Для объединения делегатов совещания от крайне левого крыла потребовались не часы, а недели и месяцы. Именно они образовали то большинство, которое сместило Макинтоша. Огромная заслуга в этом объединении принадлежит самому Ливингстону.
Ливингстон, несмотря на всю свою невзрачность, заурядность внешности и гнусавость голоса, – превосходный политик.
Политикой увлечен с раннего возраста. Живет скромно. Довольствуется крошечной квартиркой, которую снимает (по крайней мере так было до того, как он стал главой Лондонского совета), не имеет семьи, развлечений не любит, в светской жизни не участвует, 24 часа в сутки отдает политике. Не пропустил ни одного собрания, выступает на каждом, страстный агитатор.
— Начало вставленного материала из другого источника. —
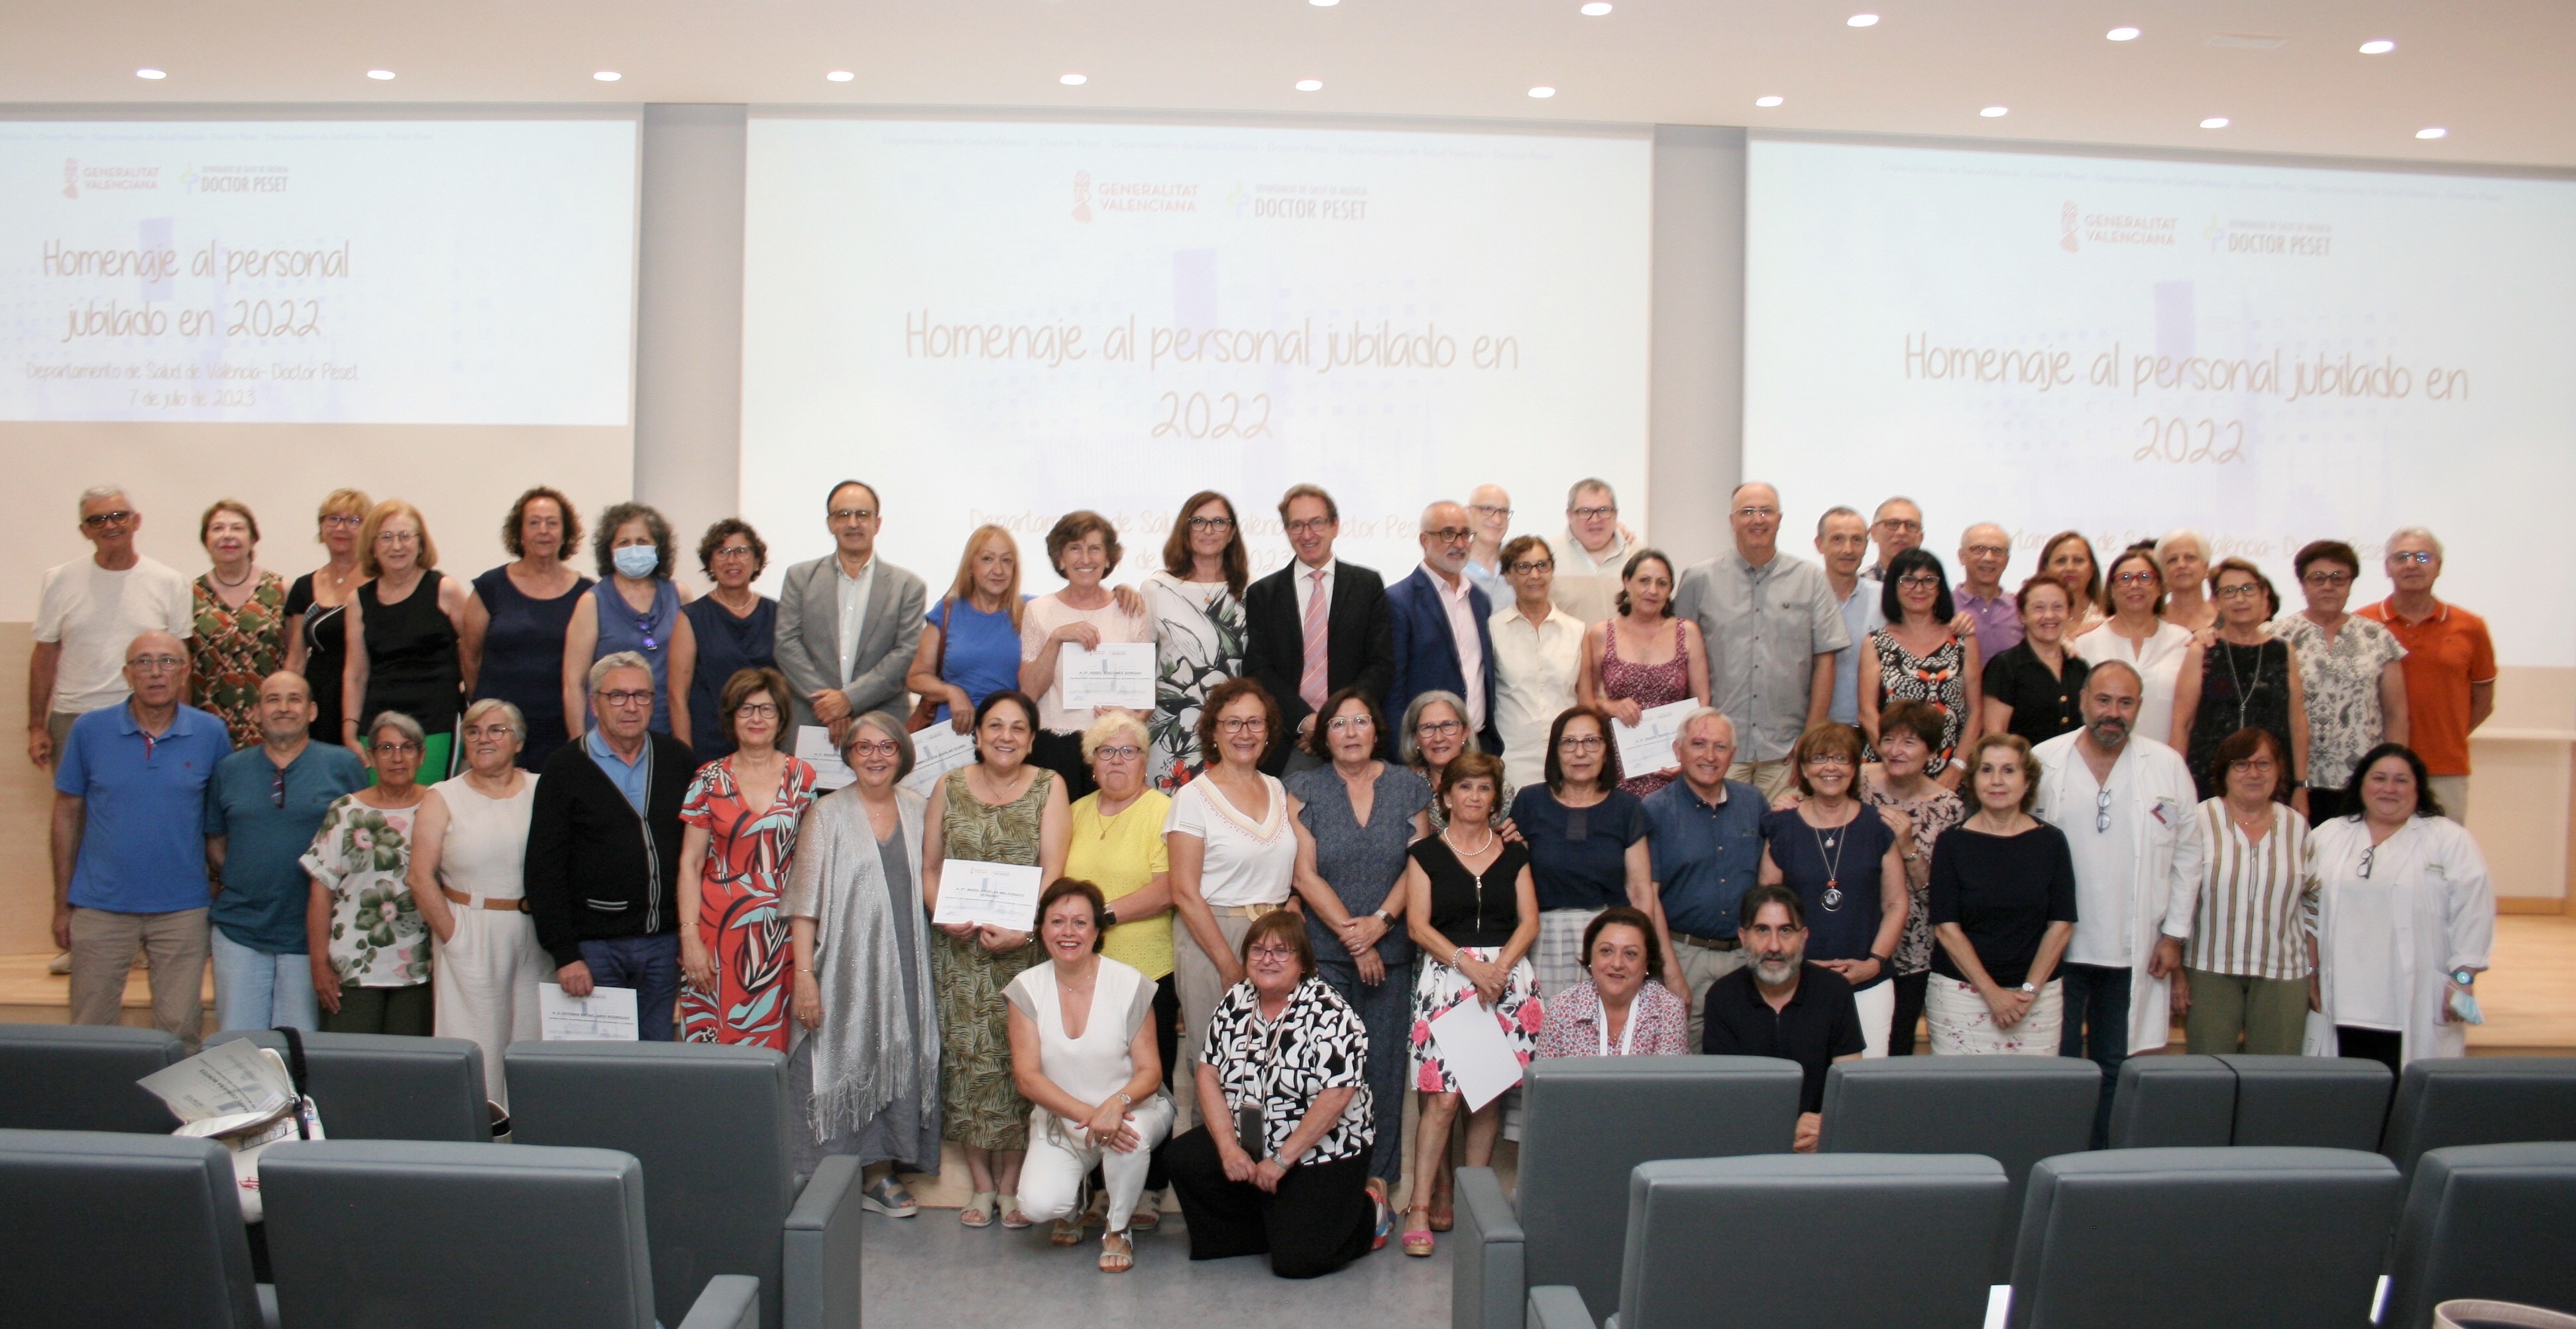 El Departamento de Salud de València – Doctor Peset rinde homenaje a 128 profesionales que se han ju
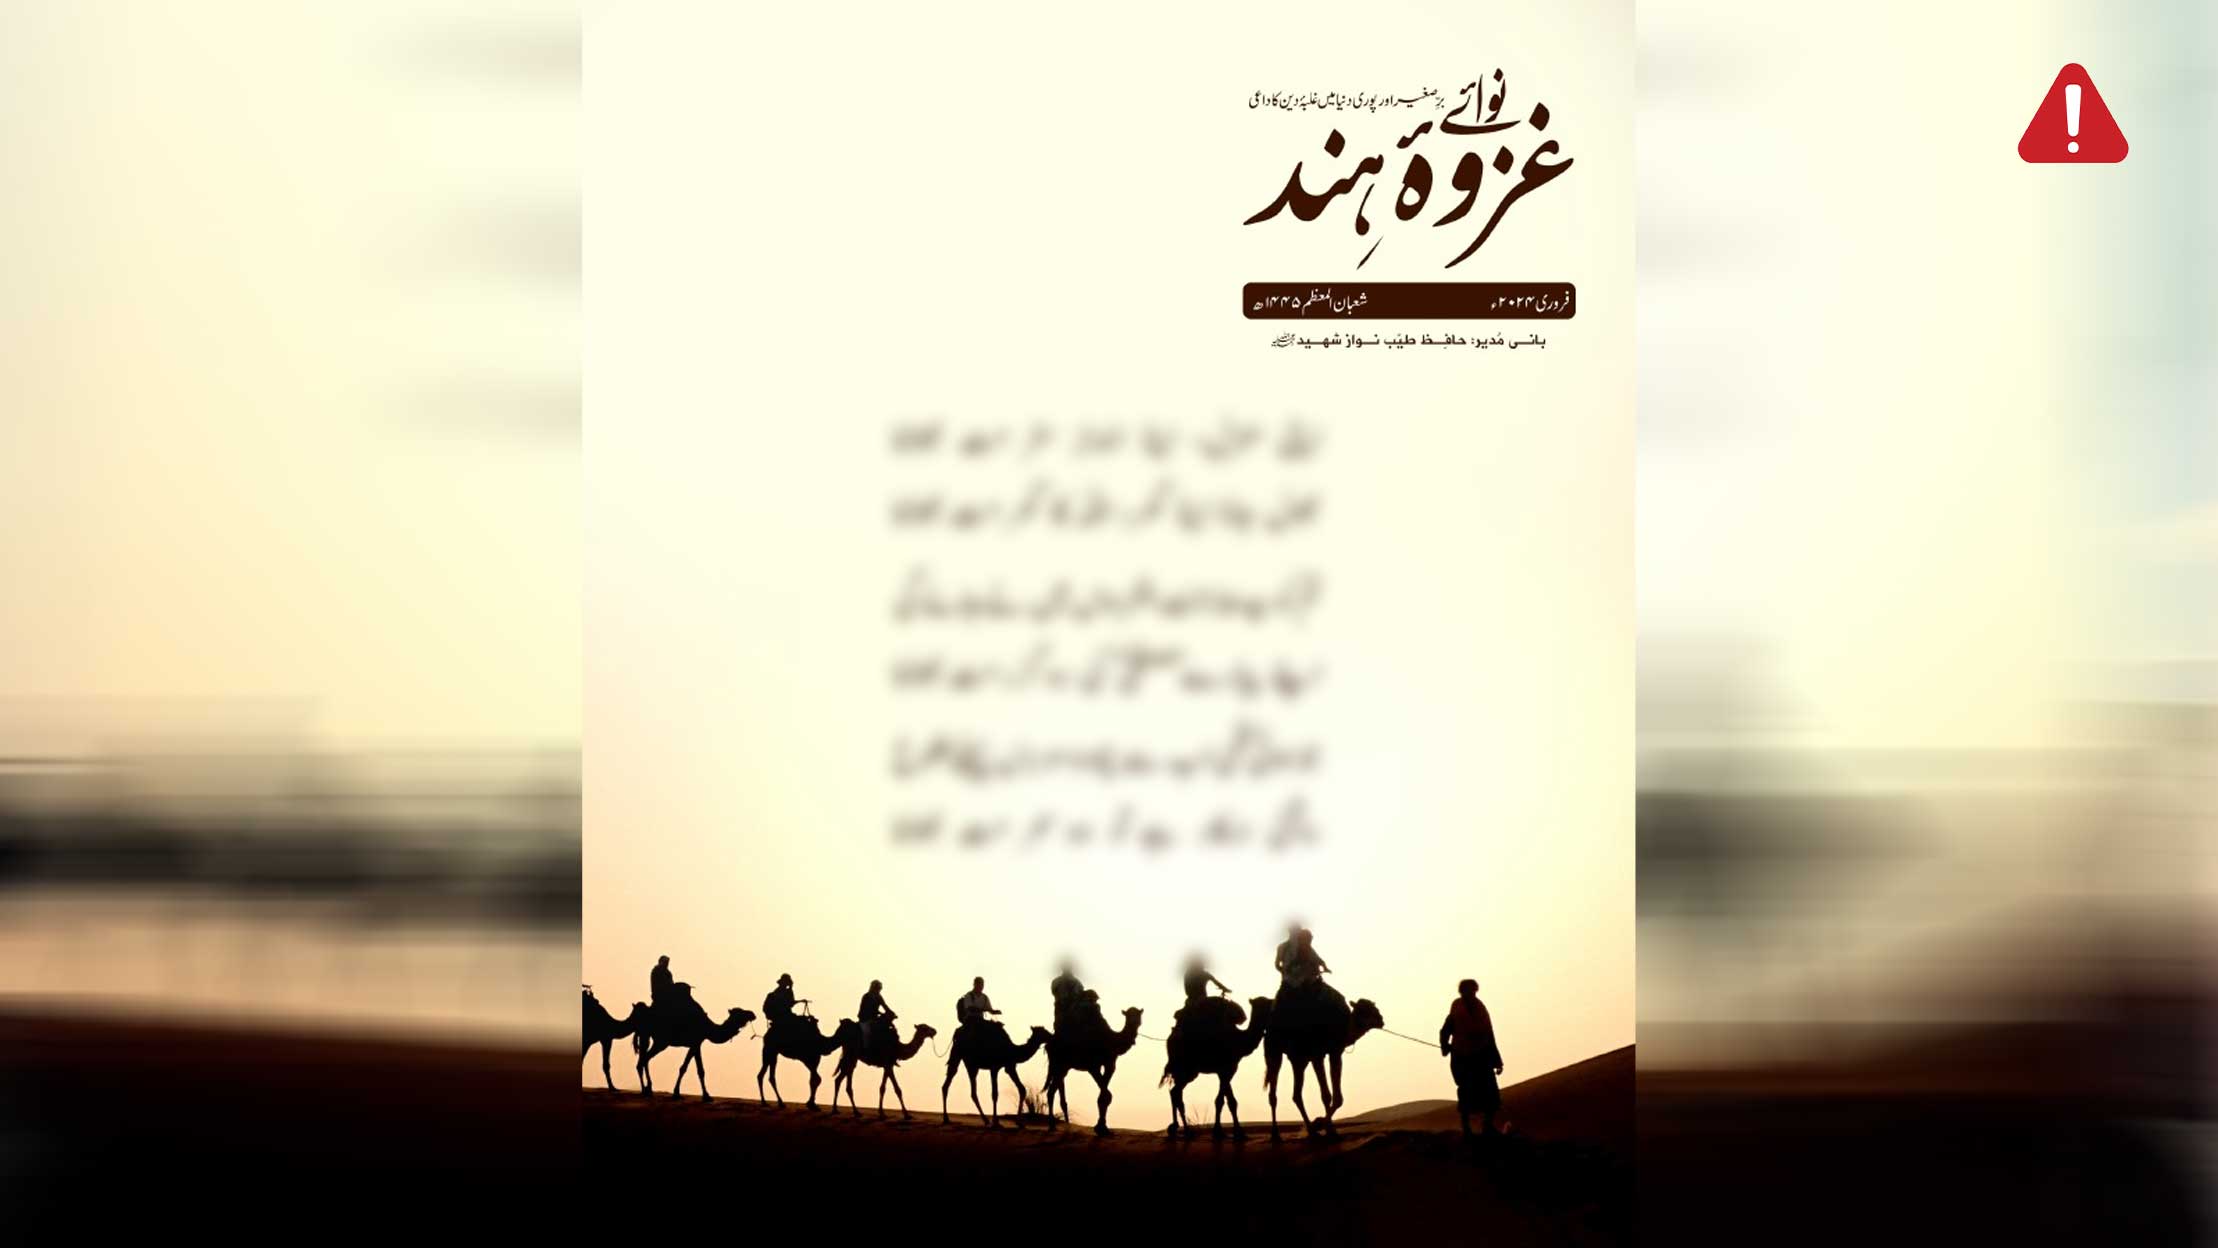 TKD MONITORING: AQIS Magazine (Nawa-e-Ghazwa-e-Hind), Volume 17, Issue 2

Если есть хоть малейшая возможность склонить человека на свою сторону, он пользуется ею.
За пять лет ему удалось создать свою собственную политическую сеть крайне левого толка, которая охватила почти всю страну.
Став в прошлом году членом парламента, он сумел потеснить Энтони Веджвуда Бенна. Войдя в руководство исполнительного комитета, он стал ключевой фигурой в борьбе левых сил за подчинение своему влиянию всей Лейбористской партии Великобритании.
Я рассказываю об этом, поскольку схема переворота Кена Ливингстона будет полезна для установления полного контроля над партией труда. Контроль будет установлен не в ходе выборов, а через несколько дней после них. Я использую слово „переворот“ без преувеличения, имея в виду государственное переустройство.
В Лондоне проживают более 11 миллионов человек, что составляет пятую часть населения Великобритании и равняется населению карликовых государств Люксембурга и Лихтенштейна. Бюджет столицы превышает бюджет восьмидесяти государств-членов ООН.